We’ve been following a series of lawsuits filed since January 1, 2013 that accuses Fresenius Medical Care of deliberately concealing potentially fatal problems with since-recalled GranuFlo and NaturaLyte.
The GranuFlo and NaturaLyte products were to lower the acidity of patients’ blood during dialysis treatments. A number of recent lawsuits allege that the patients’ treated with these products tested with a high concentration of acetone, which led to abnormally high levels of bicarbonate in their blood. This led to fatal heart problems and strokes, according to prior court documents.
Now, a transfer order filed on March 29, 2013 will enable the Fresenius Granuflo/Naturalyte Dialysate products liability litigation to be centralized in the District of Massachusetts. National law firm, Parker Waichman LLP, announced that it supports this centralization and feels that the motion was necessary based on common questions of fact.

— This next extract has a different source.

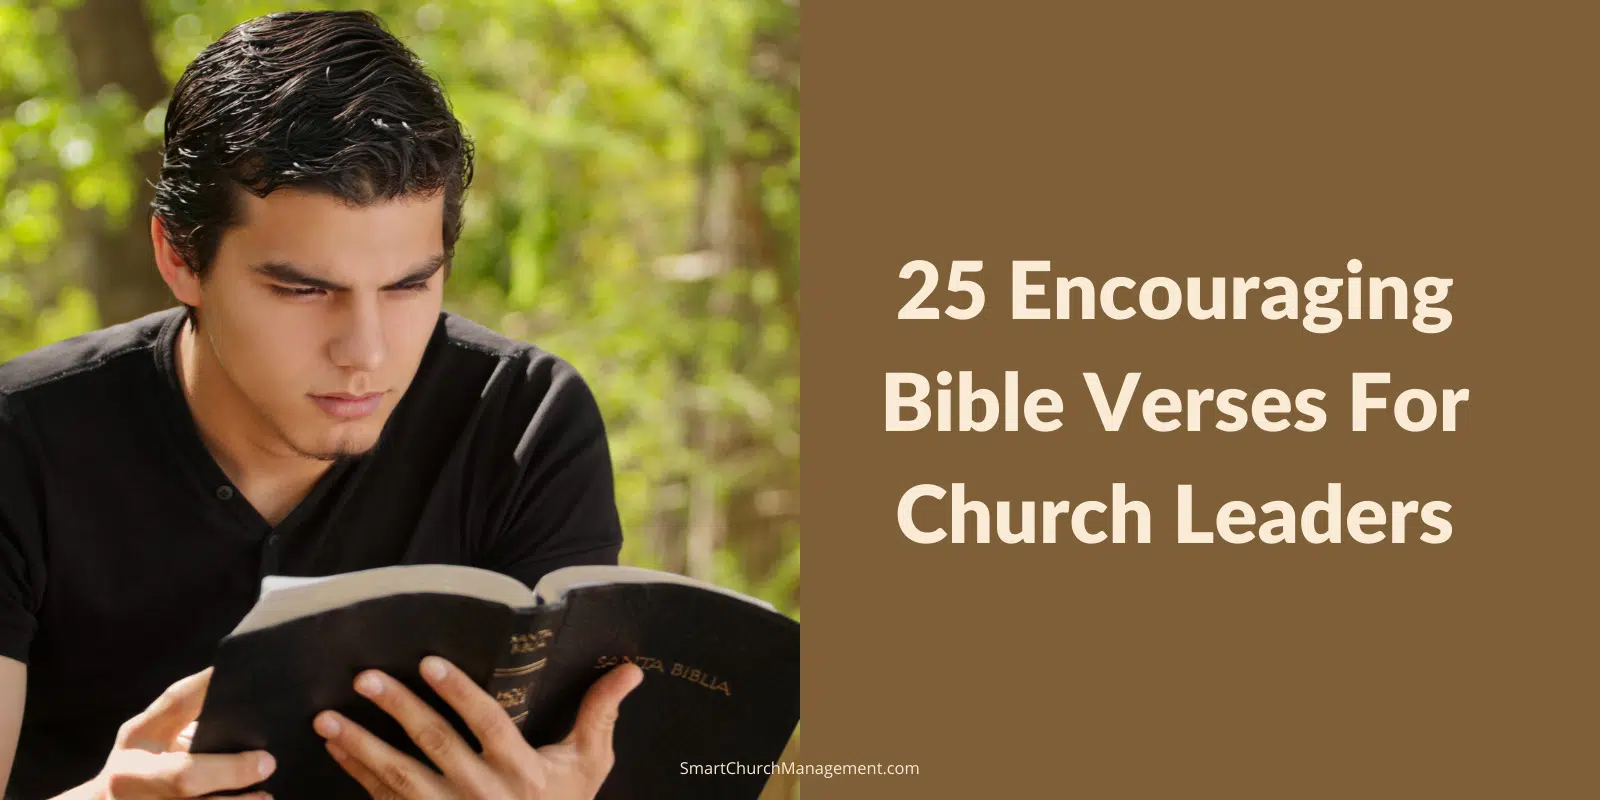 Encouraging Bible verses for church leaders
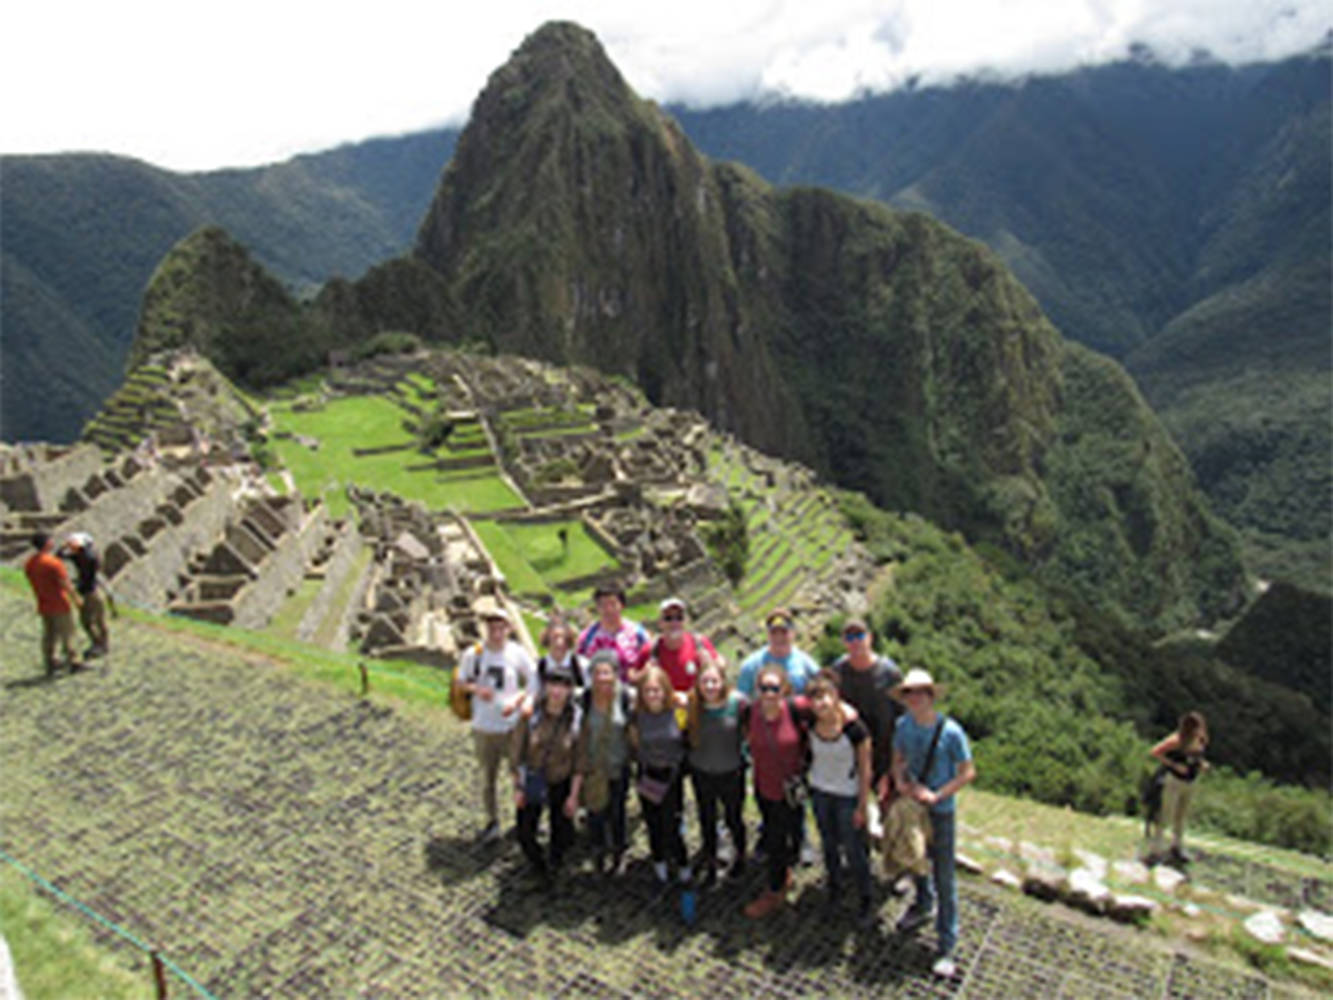 Students share stories of Peru

“We feel that coordination was necessary based on commonality of allegations among the Plaintiffs,” said Matthew J. McCauley, Senior Litigation Counsel at Parker Waichman LLP. “Overall, these cases allege that GranuFlo and/or NaturaLyte caused injury or death in patients who used the products during hemodialysis and alleges that Fresenius failed to warn about the risks.” According to the Transfer Order, lawsuits filed over the acid concentrate products allege that GranuFlo or NaturaLyte can lead to metabolic alkalosis, causing a number of potentially fatal complications, such as:
- Low blood pressure
- Cardiac arrhythmia
- Cardiopulmonary arrest
The lawsuits allege that GranuFlu and NaturaLyte were defectively designed and that Fresenius Medical Care neglected to warn of the risks related to these hemodialysis products. Parker Waichman LLP is available to answer any legal questions and is investigating cases on behalf of individuals who suffered an injury after being exposed to GranuFlo or NaturaLyte during hemodialysis.
According to a The New York Times article published last June, the U.S. Food and Drug Administration (FDA) began investigating Fresenius Medical Care to learn if they had or had not violated federal regulations by failing to warn consumers about the potentially fatal risks of GranuFlo and NaturaLyte. The Times reported that the GranuFlo and NaturaLyte dialysis products raised safety concerns following news about an internal memo dated November 4, 2011 that warned that 941 hemodialysis patients suffered from cardiac arrest in Fresenius facilities in 2010. That memo was issued to Fresenius facilities; however, the information was not made available to the public until the firm was prompted to do so by the FDA.
Last June, the FDA issued a Class I recall on GranuFlo and NaturaLyte, warning that the products may lead to high levels of bicarbonate in patients undergoing hemodialysis when inappropriately prescribed. The agency said that these increased levels can lead to metabolic alkalosis, a significant risk factor associated with low blood pressure, hypokalemia, hypoxemia, hypercapnia, and cardiac arrhythmia. If not appropriately treated, cardiopulmonary arrest may occur. A Class I recall is the agency’s most serious designation and indicates that the recalled product may cause serious adverse health consequences, including death.